Initially, the purpose of this study had been only to explore information behavior of freshly retired scholars from a wide range of Polish university faculties. However, as the research progressed, it appeared that information practices, along with their affective background, described by former faculty members followed an astonishingly salient pattern resembling mourning. Following this path, I adjusted the research goals to provide the answers to the following questions: a) in scholar’s everyday life, is retirement a triggering event likely to provoke an information mourning? and, b) if so, what are the behavioral manifestations and consequences of such an information mourning process? This study pursues four goals: 1) to identify and describe retired scholars’ information behaviors that mightconstitute information mourning; 2) to assess the harmfulness/neutrality of these behaviors for ex faculty members’ wellbeing and, in cases of observed negative impact, reflect on possible remedies; 3) to identify and describe constant and individually variable coping strategies applied by scholars in order to mitigate information losses(see Williamson, 2005; Israeli, 2020); and 4) to interpret the findings in the light of information ecology.
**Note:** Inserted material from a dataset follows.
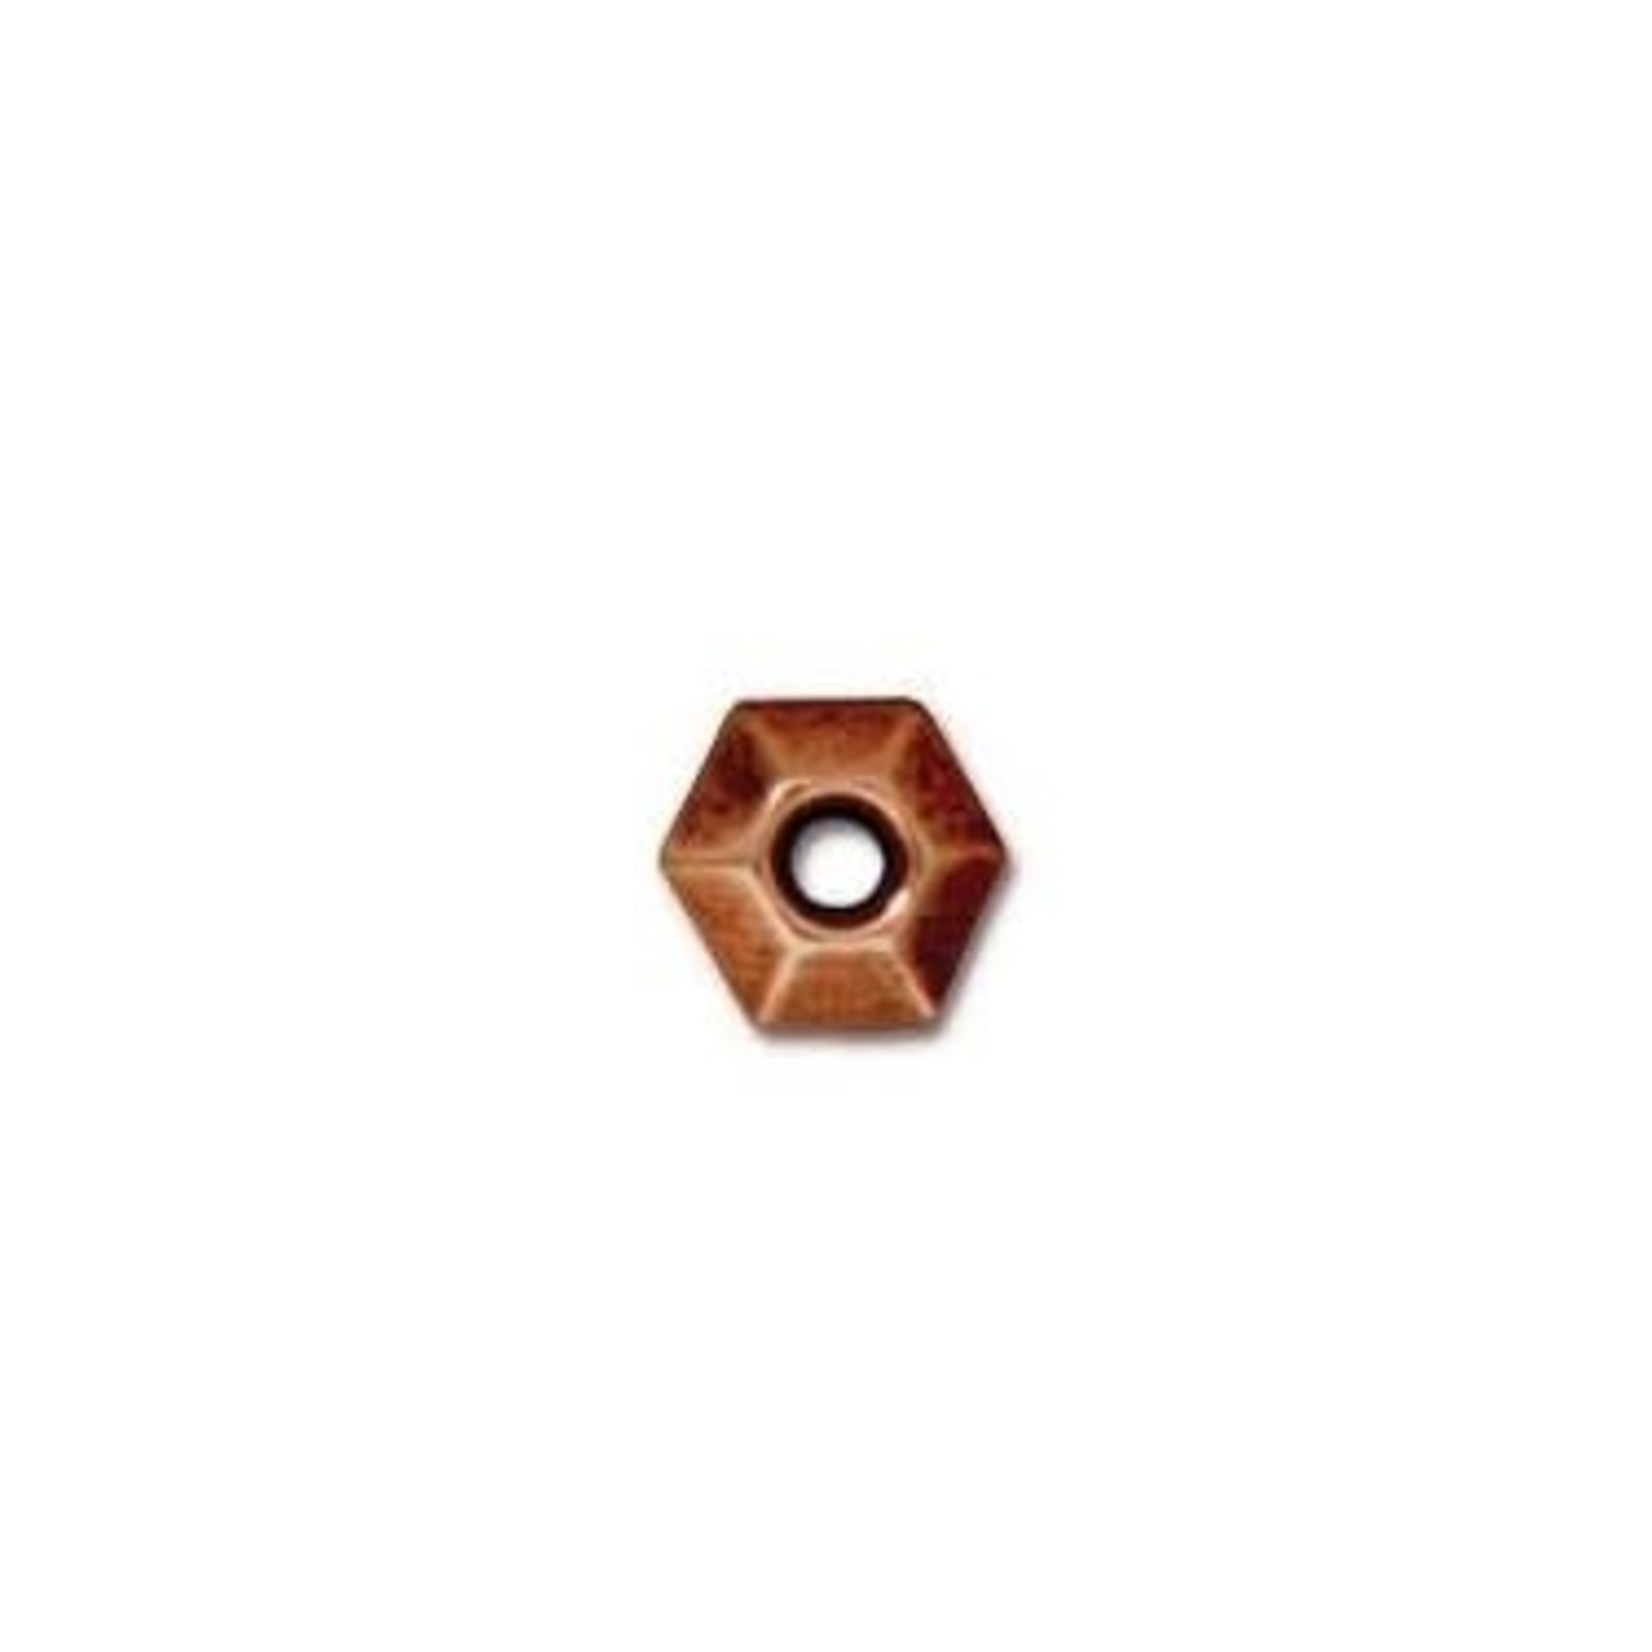 Faceted 5mm Spacer Bead Antique Copper Plated

The study consisted of a series of 12 individual in-depth interviews conducted with researchers in the humanities and sciences who had retired from Polish universities within the last 2 years. , . The interviews were treated and processed en bloc as a set of narratives and submitted to discourse analysis using the method of cognitive metaphor mapping. Based on this textual material only, I extracted simple and ramified metaphors and interpreted them following a nomothetic approach without any preconceived assumptions (Massey & Ehrensberger-Dow, 2017; Csatár, 2014). Interviewed scholars tended to consider their retirement from university as a colossal personal loss, often described in terms such as banishment, amputation, and orphancy. The majority of the interviewees felt outcast from their familiar identity-shaping information ecosystem. The scale of experienced loss seems to set off a regular process of mourning with its typical stages of rebellion, anger, resignment, and so forth. Based on key assumptions of information ecology, as theorized inter alia by Fidel, Nardi and O’Day (Fidel, 2012; Nardi & O’Day, 2000) and research findings on information behavior of seniors (Williamson, 2005; Kim et al. 2016), combined with the conceptual framework of information horizons by Diane H. Sonnenwald (2005), information mourning could be defined as morbidly prolonged, harmful disturbance of individual information space caused by a loss of physical and immaterial connections with a larger community. Caught in the spiral of grief, the individual does not have enough agency left to recover without aid. It appears, however, that the affective heaviness of being cut off from the university information ecosystem might by relieved, and coping mechanism enhanced, by putting in place some simple practical remedies. The aim of these remedies should be to restore the sense of belonging and rebuild broken attachments with the academic community and, hence, accelerate readaptation. I will describe these remedies in the paper.
References
- Csatár, P. (2014). Data structure in cognitive metaphor research. Peter Lang Edition.
- Fidel, R. (2012). Human information interaction: An ecological approach to information behavior. Mit Press.
- Israeli, T. (2020). Losing information is like losing an arm: employee reactions to data loss. Behaviour & Information Technology, 39(12), 1297–1307.
- Kim, M. J., et al. (2016). Seniors’ loyalty to social network sites: Effects of social capital and attachment. International Journal of Information Management, 36(6), 1020–1032.
- Massey, G., & Ehrensberger-Dow, M. (2017). Translating conceptual metaphor: The processes of managing interlingual asymmetry. Research in Language, 15(2), 173–189.
- Nardi, B. A., & O’Day, V. (2000). Information ecologies: Using technology with heart. Mit Press.
- Sonnenwald, H. (2005). Information Horizons. In K. Fisher, S. Erdelez, L. McKechnie (Eds.), Theories of Information Behavior (pp.191–197). Information Today.
- Williamson, C. (2005). Ecological theory of human information behavior. In L. McKechnie (Ed.), Theories of information behavior: A researcher’s guide. (pp. 128–132). Information Today.